Нойто вставал затемно и уходил, прихватив уду, на реку. Изворачивался, налегая культей на лодку, воткнутую в мокрые камешки на берегу, а второй рукой крепко вцепившись в корму. Запрыгивал. Одной рукой он уже наловчился грести так, что лодку не заворачивало, однако на стремнину не выходил, – отсиживался в плавнях, брал терпением, и теперь почти всегда возвращался с уловом. Олэнэ преувеличенно ахала, расхваливая его добычливость, норовила подсунуть самый лучший кусок. А потом беззвучно плакала, давясь слезами, когда думала, что он не слышит. Хорошо, хоть Кухулен умер, не увидев его…таким.

Сыновья Кухулена приезжали не раз. Уговаривали мать и его переехать к ним, на равнины. Мол, будет и уход, и почет. Олэнэ отказалась, он тоже. Так и горевали вдвоем свое горе, – каждый свое.

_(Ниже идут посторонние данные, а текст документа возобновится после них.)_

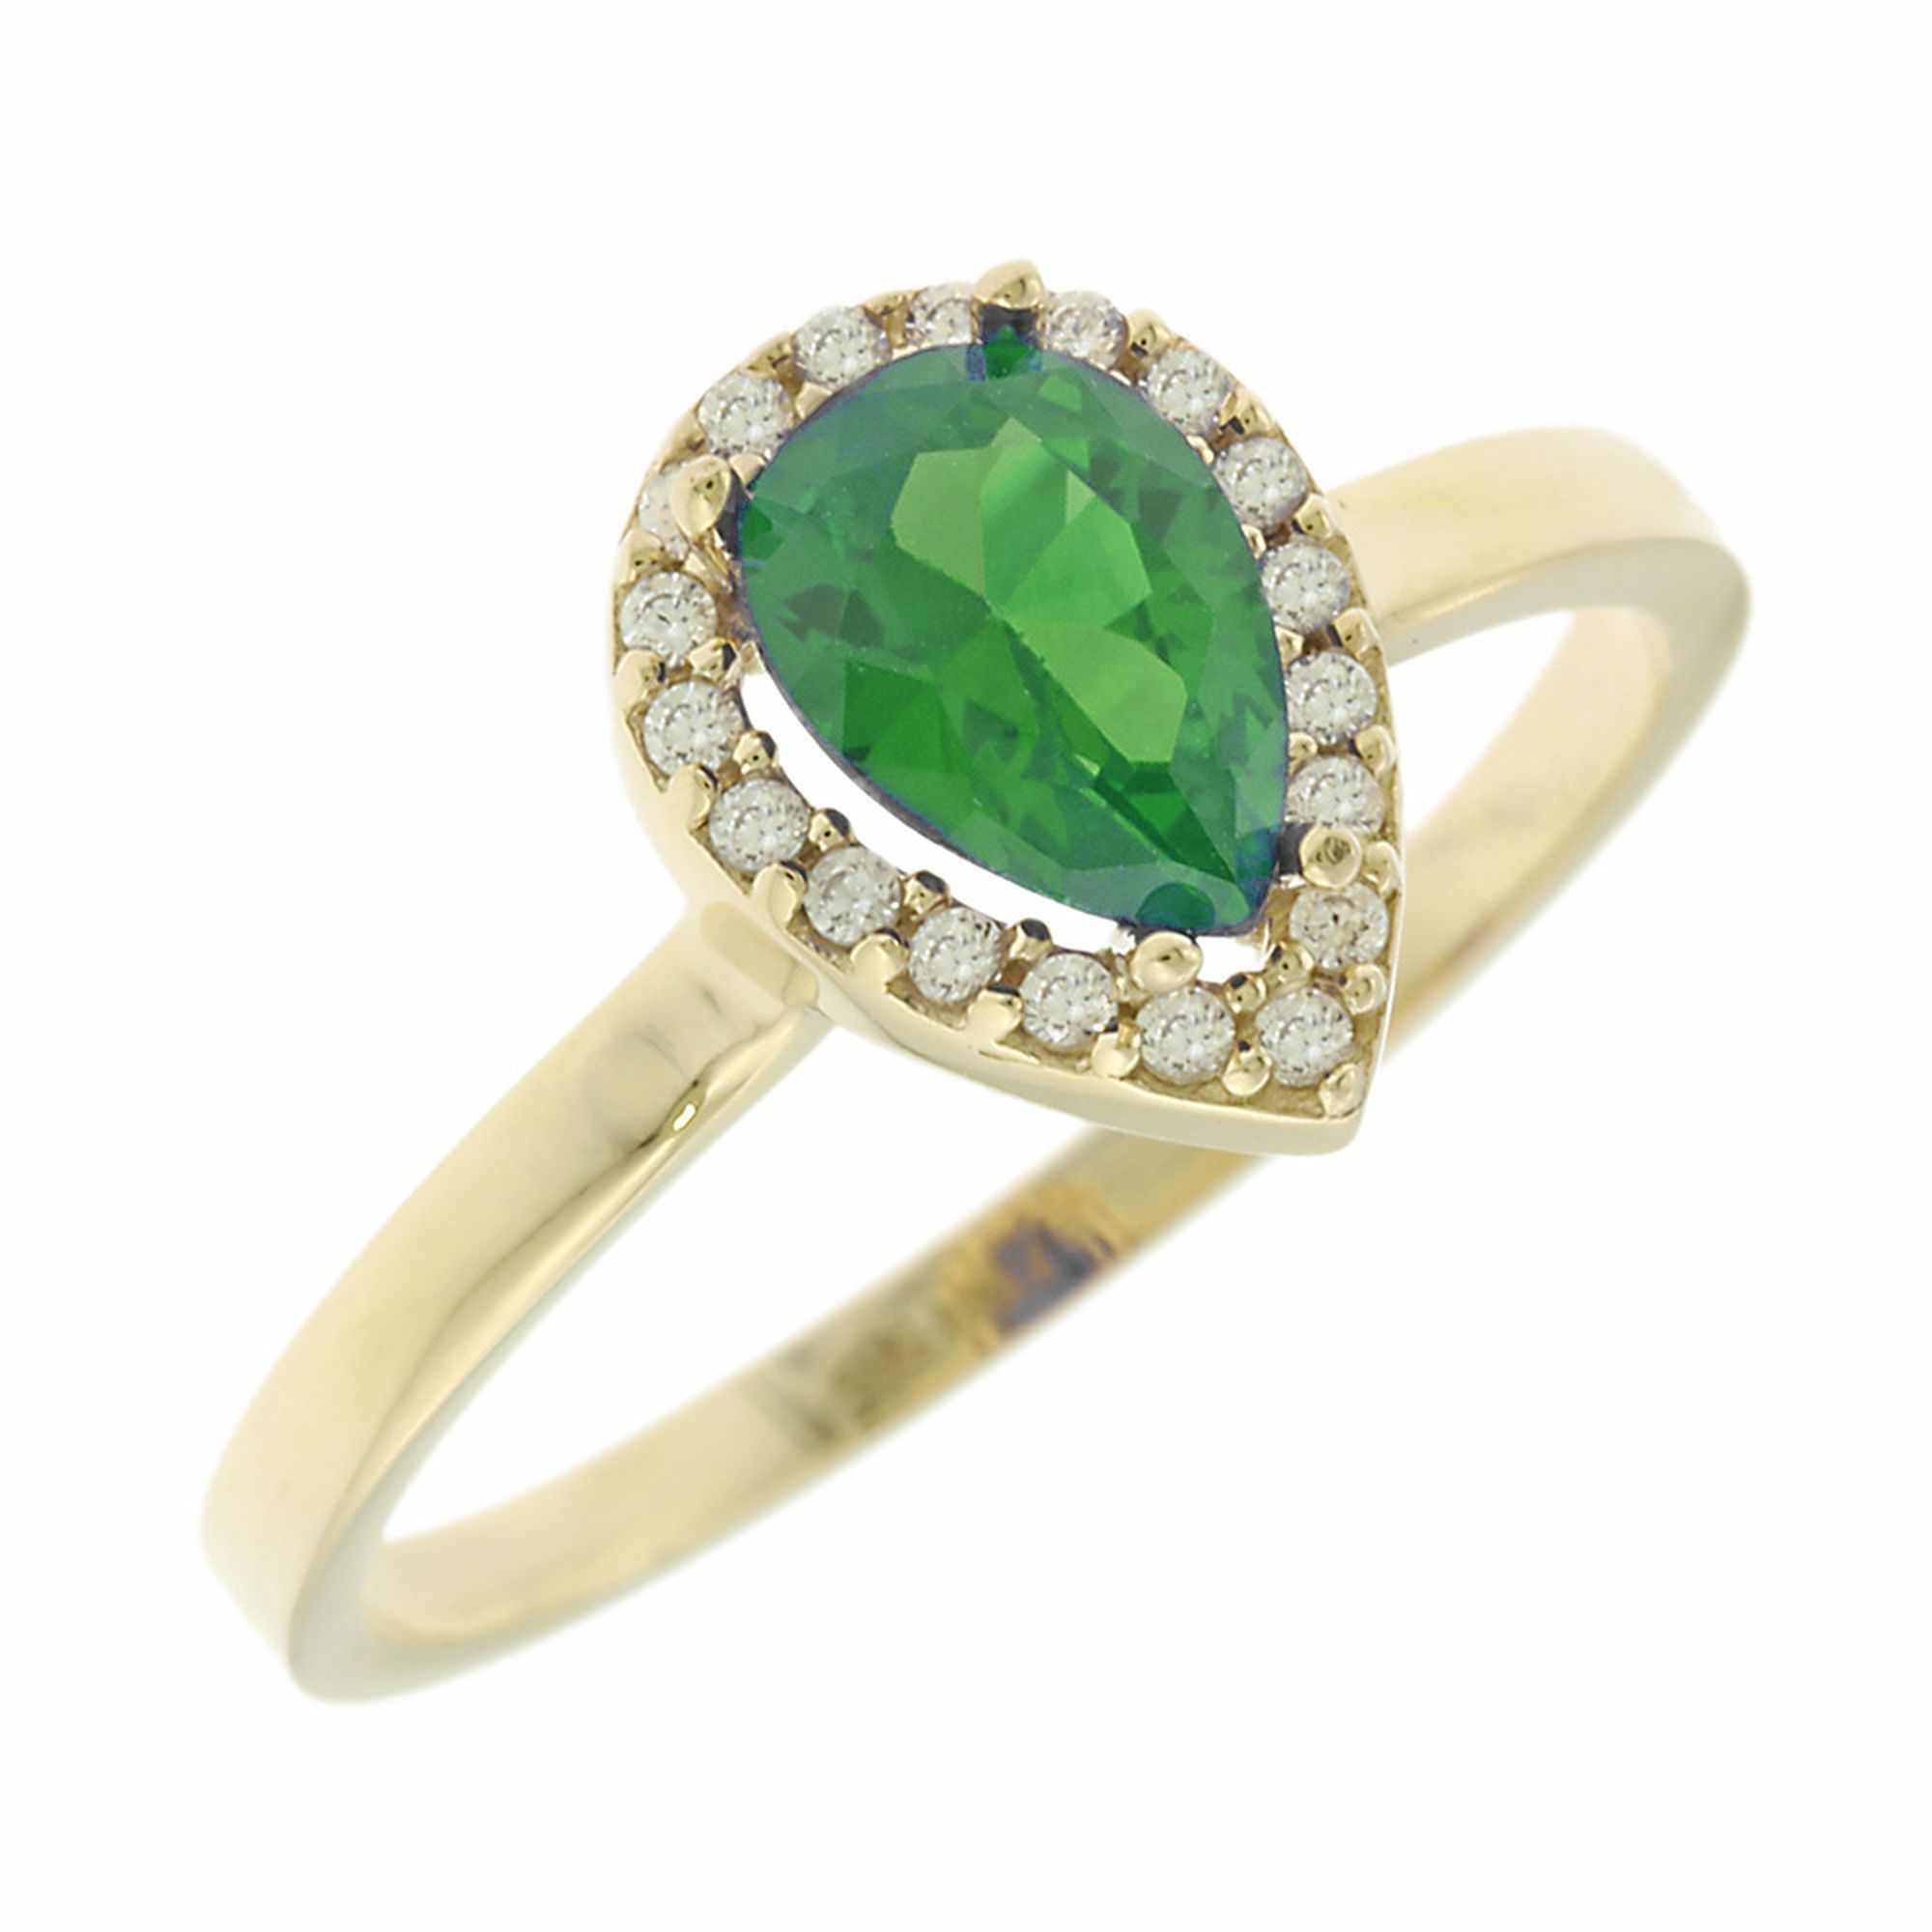 για γυναίκα, jewellery, gift, gifts, gifts for women, daxtilidi, kosmima, kolie, xriso, asimenio,
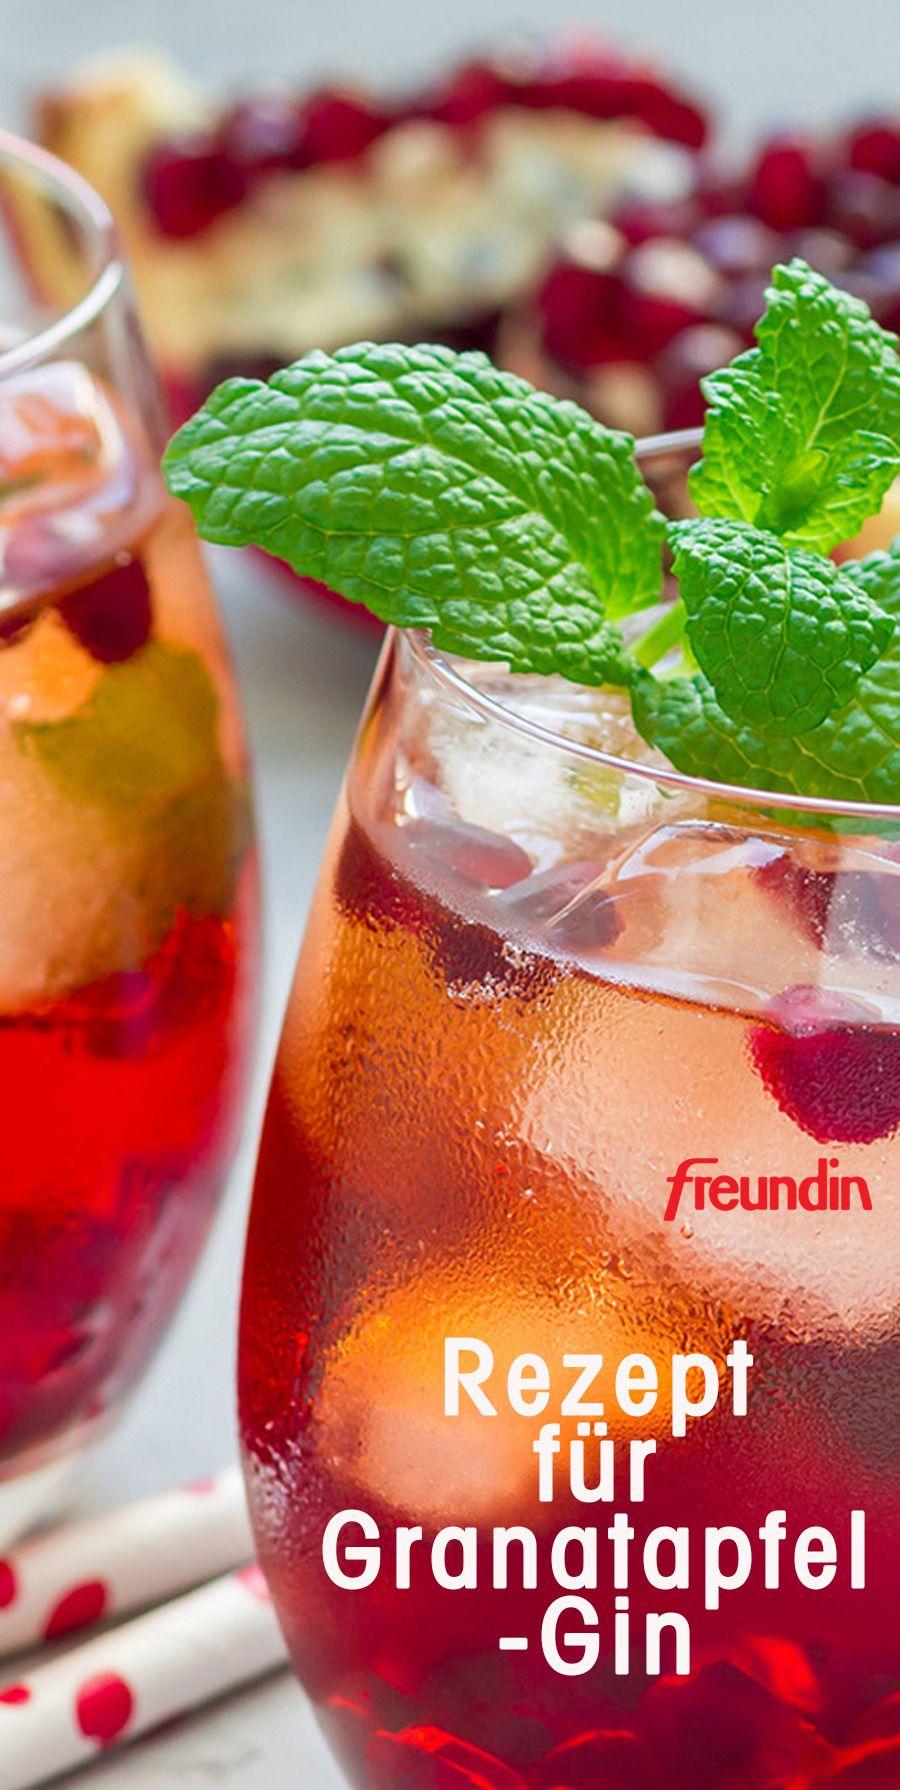 Rezept für Granatapfel-Gin | freundin.de

Олэнэ теперь стала совсем послеповатой и медлительной. Сидела больше в юрте, а только если и ткала, то пряжа по большей части на одежду уже не годилась. Нойто не жаловался. Сам собирал хворост для очага, сам латал себе штаны. Выходило криво, расползалось – но человек, он ко всему приспосабливается. Может, и не переживут они эту зиму – как знать…

Иногда он жалел, что не умер сразу, в горячем азарте боя у стен Шамдо, где он спас жизнь угэрчи Илуге. Угэрчи был щедр, и Нойто вернулся с тремя доверху нагруженными лошадьми. А только зачем эму это теперь? Тогда думал – отдаст за невесту, и посватает самую красивую девушку в становище… Э-эх!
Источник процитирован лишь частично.